[[ RECORDS FOR PROCESSING open ]]

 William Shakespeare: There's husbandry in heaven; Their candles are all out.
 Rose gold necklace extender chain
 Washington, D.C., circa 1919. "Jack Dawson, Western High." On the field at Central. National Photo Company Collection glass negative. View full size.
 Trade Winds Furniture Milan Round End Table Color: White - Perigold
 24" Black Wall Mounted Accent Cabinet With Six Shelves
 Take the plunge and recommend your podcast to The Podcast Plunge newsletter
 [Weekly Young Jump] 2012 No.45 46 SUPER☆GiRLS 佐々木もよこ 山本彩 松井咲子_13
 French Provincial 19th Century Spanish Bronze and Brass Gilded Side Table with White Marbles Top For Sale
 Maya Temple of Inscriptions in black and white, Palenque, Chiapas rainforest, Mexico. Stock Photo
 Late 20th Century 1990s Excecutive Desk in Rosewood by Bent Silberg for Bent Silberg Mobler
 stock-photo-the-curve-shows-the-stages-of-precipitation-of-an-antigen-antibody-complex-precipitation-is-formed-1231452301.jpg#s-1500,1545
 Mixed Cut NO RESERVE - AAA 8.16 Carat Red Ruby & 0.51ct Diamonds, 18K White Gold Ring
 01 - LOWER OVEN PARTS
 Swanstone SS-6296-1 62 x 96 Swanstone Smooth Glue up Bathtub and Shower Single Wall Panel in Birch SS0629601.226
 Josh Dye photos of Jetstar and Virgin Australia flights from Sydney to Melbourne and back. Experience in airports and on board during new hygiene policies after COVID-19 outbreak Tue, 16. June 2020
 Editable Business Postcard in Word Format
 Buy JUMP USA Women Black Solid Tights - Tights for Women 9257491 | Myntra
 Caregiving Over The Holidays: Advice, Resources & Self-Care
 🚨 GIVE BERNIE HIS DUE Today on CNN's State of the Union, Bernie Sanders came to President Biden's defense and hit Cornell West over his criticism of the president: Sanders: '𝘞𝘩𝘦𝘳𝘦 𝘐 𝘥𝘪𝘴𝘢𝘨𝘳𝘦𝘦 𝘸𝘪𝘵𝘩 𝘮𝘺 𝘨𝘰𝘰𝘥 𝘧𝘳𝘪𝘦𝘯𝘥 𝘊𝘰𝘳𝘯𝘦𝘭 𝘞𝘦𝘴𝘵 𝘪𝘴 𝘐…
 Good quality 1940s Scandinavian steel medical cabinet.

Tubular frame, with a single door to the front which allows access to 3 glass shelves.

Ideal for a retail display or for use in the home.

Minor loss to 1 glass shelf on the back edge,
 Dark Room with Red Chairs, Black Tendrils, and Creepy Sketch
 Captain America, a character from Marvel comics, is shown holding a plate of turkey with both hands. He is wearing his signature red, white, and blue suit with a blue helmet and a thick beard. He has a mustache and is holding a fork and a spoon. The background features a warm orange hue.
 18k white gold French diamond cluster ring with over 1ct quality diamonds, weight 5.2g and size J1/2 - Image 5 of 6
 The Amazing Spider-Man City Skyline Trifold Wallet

[[ RECORDS FOR PROCESSING closed ]]

*DESCRIPTION OF THE TASK*. Wherever the string "quality" shows up in the material, copy the line that holds it.

*EXERCISE ANSWER*.
 Good quality 1940s Scandinavian steel medical cabinet.
 18k white gold French diamond cluster ring with over 1ct quality diamonds, weight 5.2g and size J1/2 - Image 5 of 6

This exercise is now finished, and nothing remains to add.